2. Corta un trozo de membrana NC del mismo tamaño que el gel (no más grande que el gel), marca la esquina inferior derecha y sumérgelo en el tampón de transferencia durante unos 5 minutos.
3. Corte 8 trozos de papel de filtro Xinhua No. 1, marque la esquina inferior derecha y haga que el tamaño sea aproximadamente el mismo que el del gel (no más grande que el gel).
4. Remoje el papel de filtro cortado en el tampón de transferencia e instale el dispositivo de transferencia en el orden del ánodo al cátodo (de abajo hacia arriba): coloque el electrodo inferior plano y coloque los 4 empapados. papel de filtro en el electrodo inferior y alinearlo con precisión. Coloque la membrana NC sobre el papel de filtro para eliminar las burbujas de aire. Transfiera el gel de electroforesis SDS-PAGE para transferir el tampón y enjuague bien, colóquelo sobre la membrana NC y exprima las burbujas de aire con una varilla de vidrio. Coloque 4 hojas más de papel de filtro empapado encima para expulsar las burbujas de aire.
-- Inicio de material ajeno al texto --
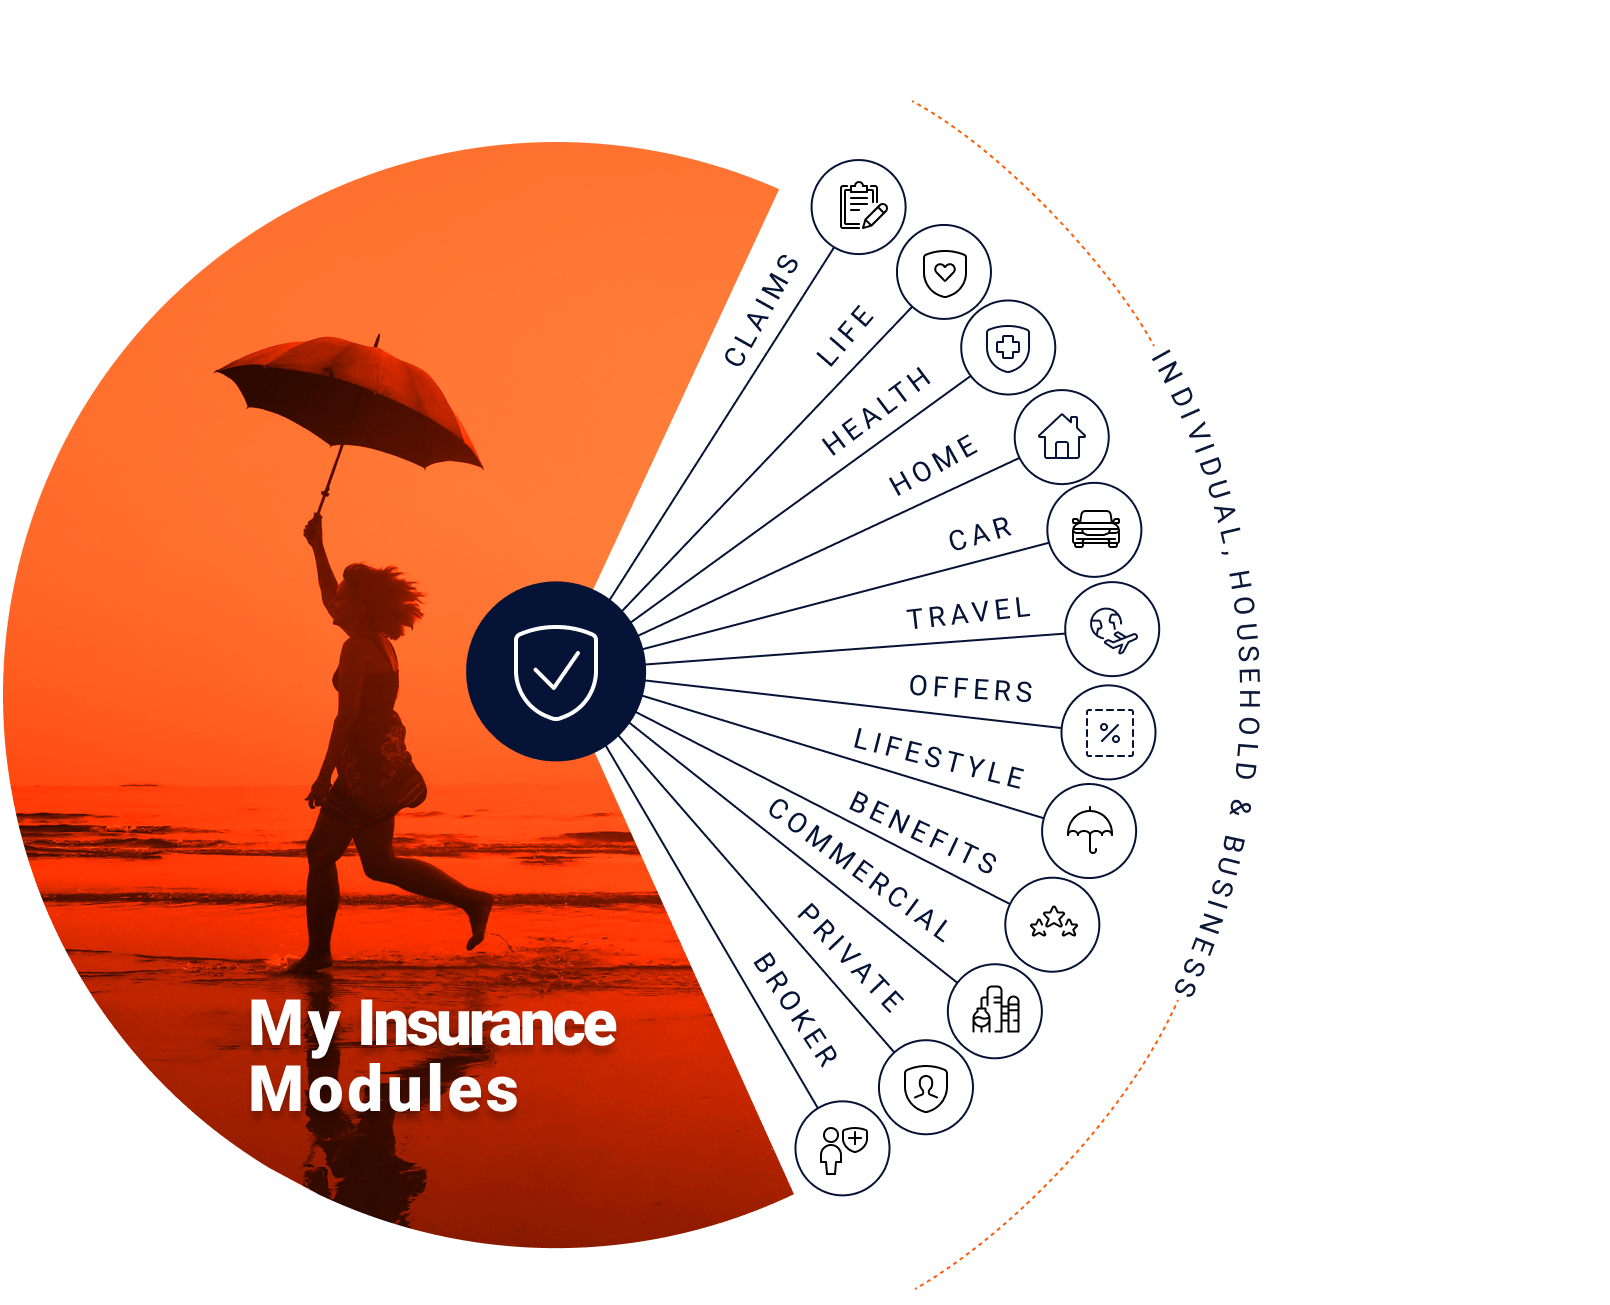 My Insurance Modules: Claims, Life, health, home, car, travel, offers, lifestyle, benefits, commercial, Private, and broker

5. Coloque el electrodo superior en la capa intermedia, conecte la fuente de alimentación, encienda la alimentación a 1 mA/cm2 según el área del gel y electropore el gel durante 2 ~ 4 h.
6. Después de la transferencia, retire el papel de filtro. Transfiera el gel a un plato teñido de Thomas Brilliant Blue y verifique que la transferencia de proteínas esté completa. Corte la membrana NC que contiene el estándar de peso molecular, colóquela en una solución de tinción de negro amino para teñir durante 30 segundos y luego colóquela en una solución de tinción de negro amino para decolorar.
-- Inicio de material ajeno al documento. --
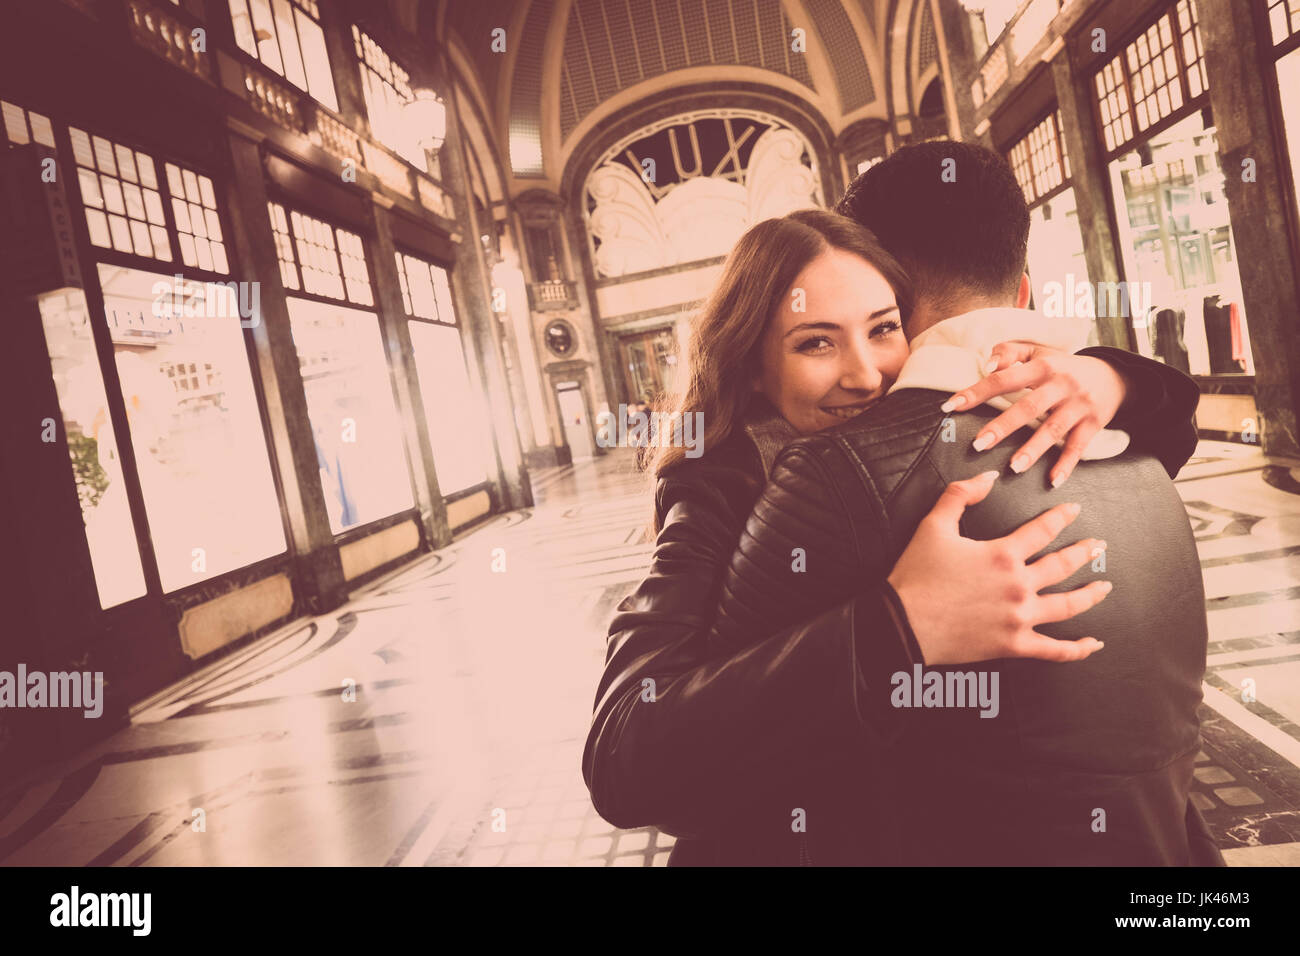 Smiling Caucasian couple hugging in lobby Stock Photo

7. Enjuague la membrana NC sobre la que se ha transferido la proteína con agua destilada, séquela ligeramente y luego sumérjala en la solución selladora a 4°C durante la noche. Luego lave la membrana tres veces con PBS. -T buffer durante 10 minutos cada vez. Después de incubar la membrana con el anticuerpo primario a temperatura ambiente durante 2 horas, diluya el anticuerpo primario con tampón PBS-T en diferentes proporciones de dilución para encontrar la concentración de anticuerpo primario más adecuada. Luego lave la membrana 3 veces con tampón PBS-T y. luego lavar con PBS Lavar la membrana 3 veces con tampón -T, 10 minutos cada vez. Lave la membrana tres veces con tampón PBS-T durante 10 minutos cada vez.
9. Incubar con IgG anti-ratón de cabra marcada con HRP (1:5000)**** durante 1 hora, luego lavar la membrana 3 veces con tampón PBS-T, 10 minutos cada vez.
10. Preparar el sustrato luminiscente (mezclar la solución de sustrato 1:1).
11. Enjuague el sustrato quimioluminiscente en tampón PBS-T durante 2 minutos para desarrollar el color, y observe y tome fotografías con el sistema de imágenes en gel. (O use una solución cromogénica DAB para desarrollar el color bajo la luz durante aproximadamente 15 minutos y enjuague con agua inmediatamente después de que la banda parezca interrumpir la reacción del color).
Solo te estoy dando un ejemplo, porque sólo los experimentos que tú mismo hagas serán útiles. Si alguien más te enseña a hacer un experimento, entonces tu pensamiento seguirá a los demás y es posible que otros te engañen. Entonces, ¿cuál es el punto de hacer este experimento?